Replace mode is useful for environments where specific policies are required regardless of the rights and settings of the user. Kiosk systems are a good example of this; an Administrator would typically have an unrestricted desktop experience. If that user logs onto a Kiosk machine, he or she would normally have a “wide open” desktop. This might be dangerous, so it may be useful to enable Replace mode to enforce a specific set of enforced settings.
Use case:Citrix XenApp
For the AD set-up I’d recommend the following set-up for the Citrix Xenapp environment:
·         Creation of a separate OU for your VDI/Xenapp environment.
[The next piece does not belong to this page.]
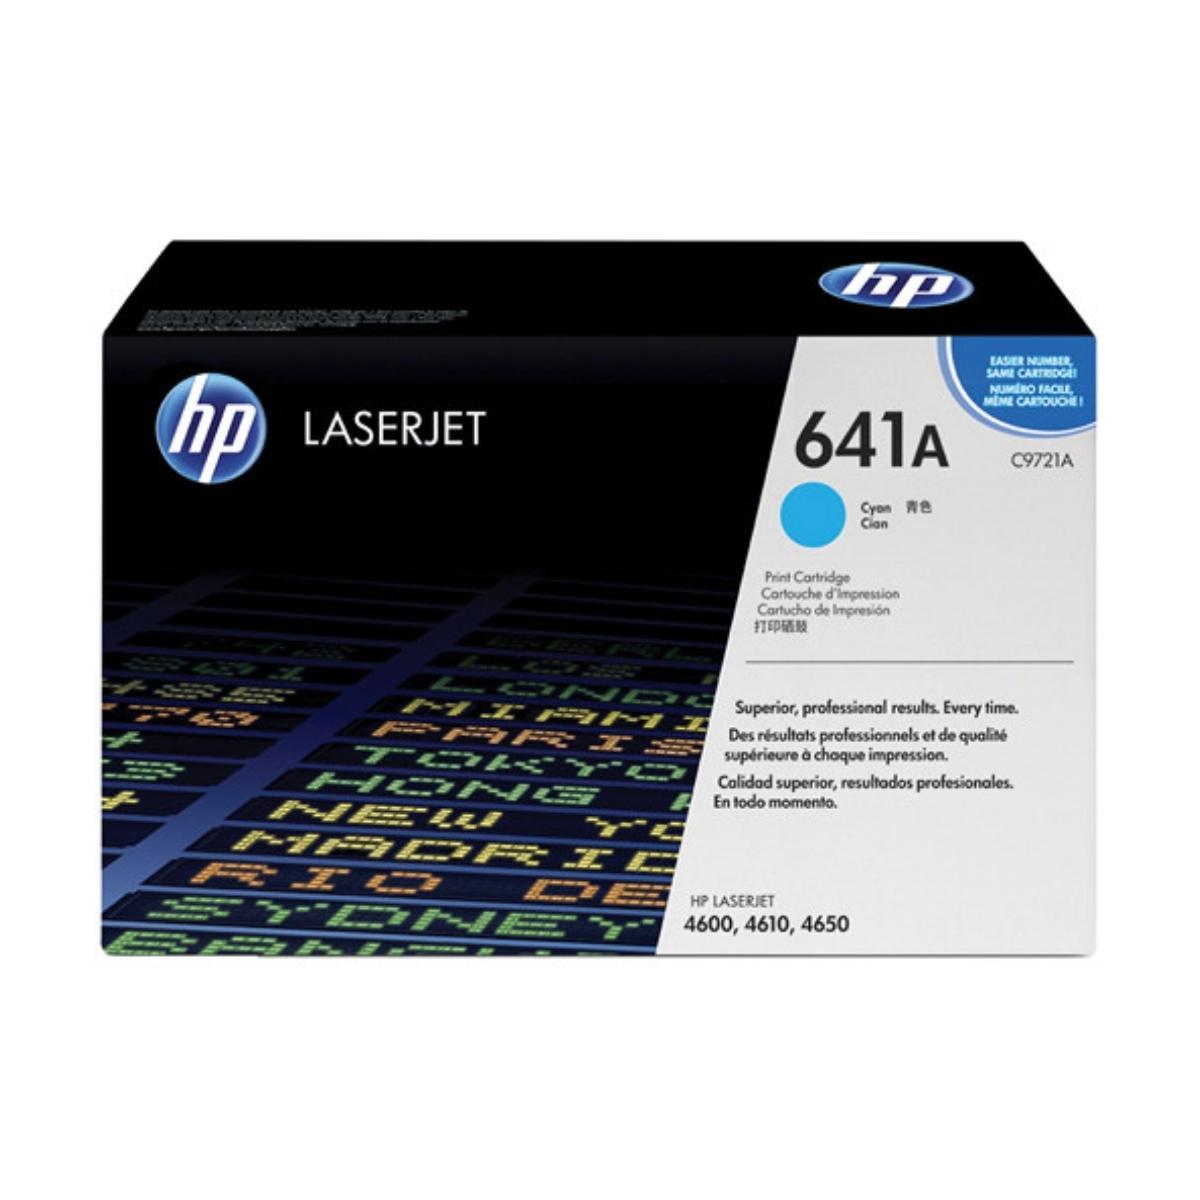 

HP C9721A Cyan Cartridge for Color LaserJet Printers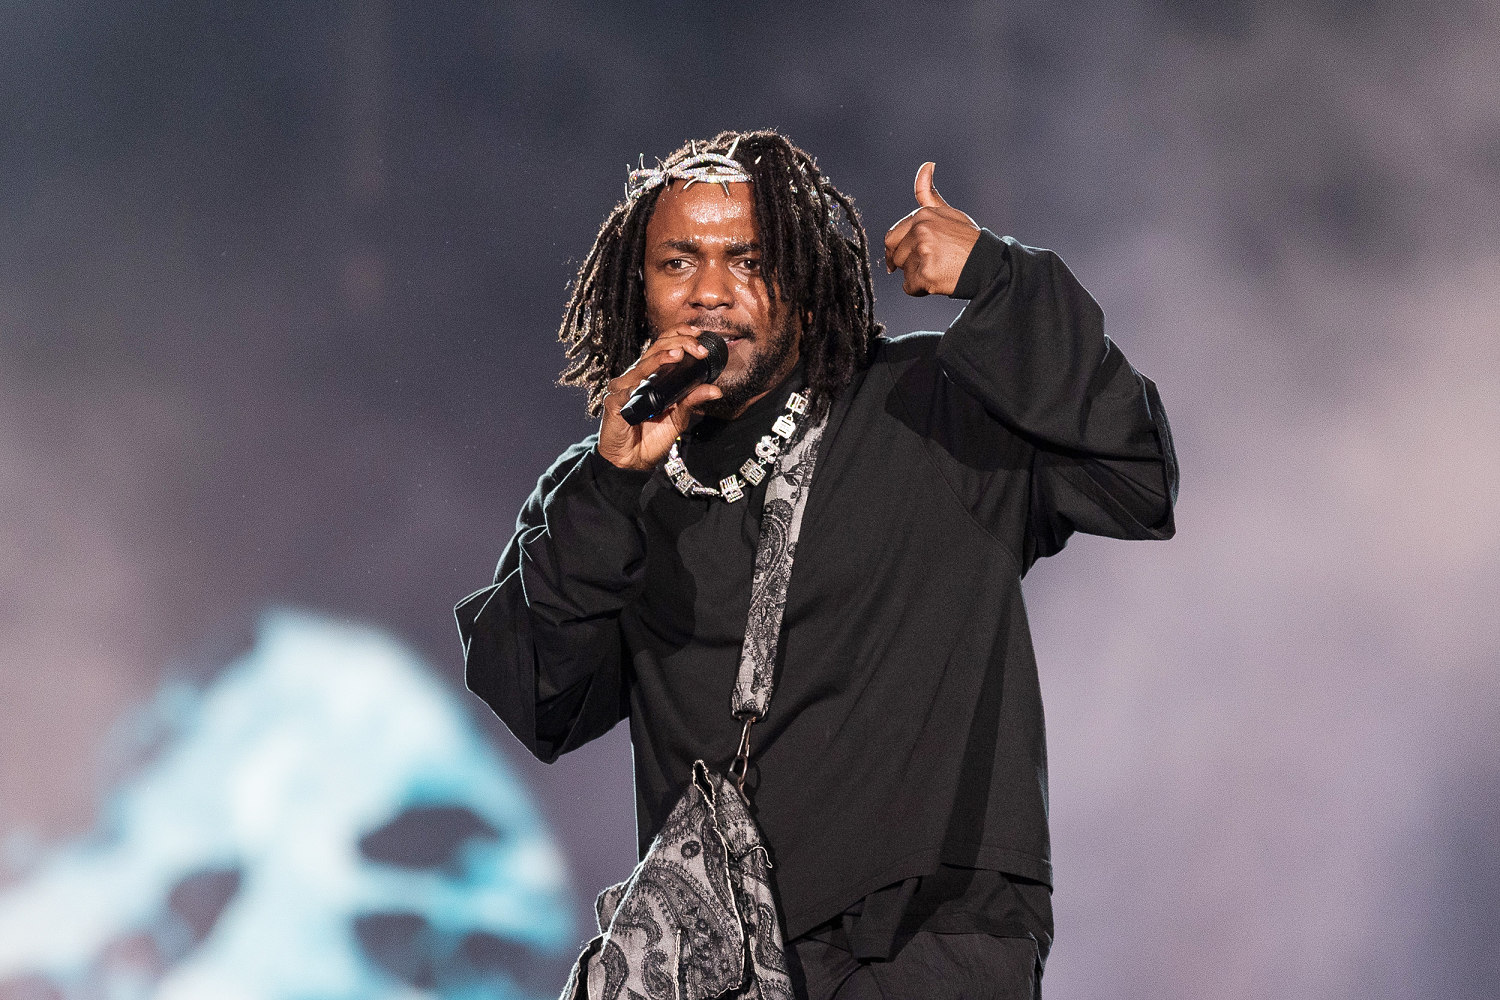 Kendrick Lamar nabs No. 1 spot on Billboard Hot 100 after Drake feud

·         This will allow to create a GPO with loopback processing enabled. Loopback processing will allow to apply user settings to computer objects in that OU, while normally you can only configure user settings in GPOs and apply them to OUs where the user objects reside. Loopback processing can be either configured in merge or replace mode. In merge mode, the users will receive both settings from GPOs applied to their own OU and from GPOs applied to the VDI/Xenapp OU. In replace mode, only the GPOs applied in the Xenapp/VDI OU will be applied. Normally I’d recommend replace mode to have better control and to avoid ripple effects.  Reasons for doing this? In the first place I’d strongly advice against storing user data and settings (profiles) on your VDI/Xenapp servers and move this data to a file server. The benefit of this approach is that the user data and settings is on the file server where it is properly backed up. Besides this it gives you more flexibility in case you want extend your environment: user settings are kept across your VDI/Xenapp infrastructure in case you add additional Xenapp servers or VDI machines or in case you need to rebuild your machine as a result of system crash. In addition to that, it will allow you to centrally manage your settings, such as specific drive mappings, applocker policies, registry keys and so on.. This can all be arranged with GPOs applied to the newly created OU.  At first sight it looks like introducing complexity in the environment, but once the principle of this is understood it’s actually very simple and it might prevent you from having to manually configure items and firefight issues. That’s the reason why this is considered as good practice in such type of environments.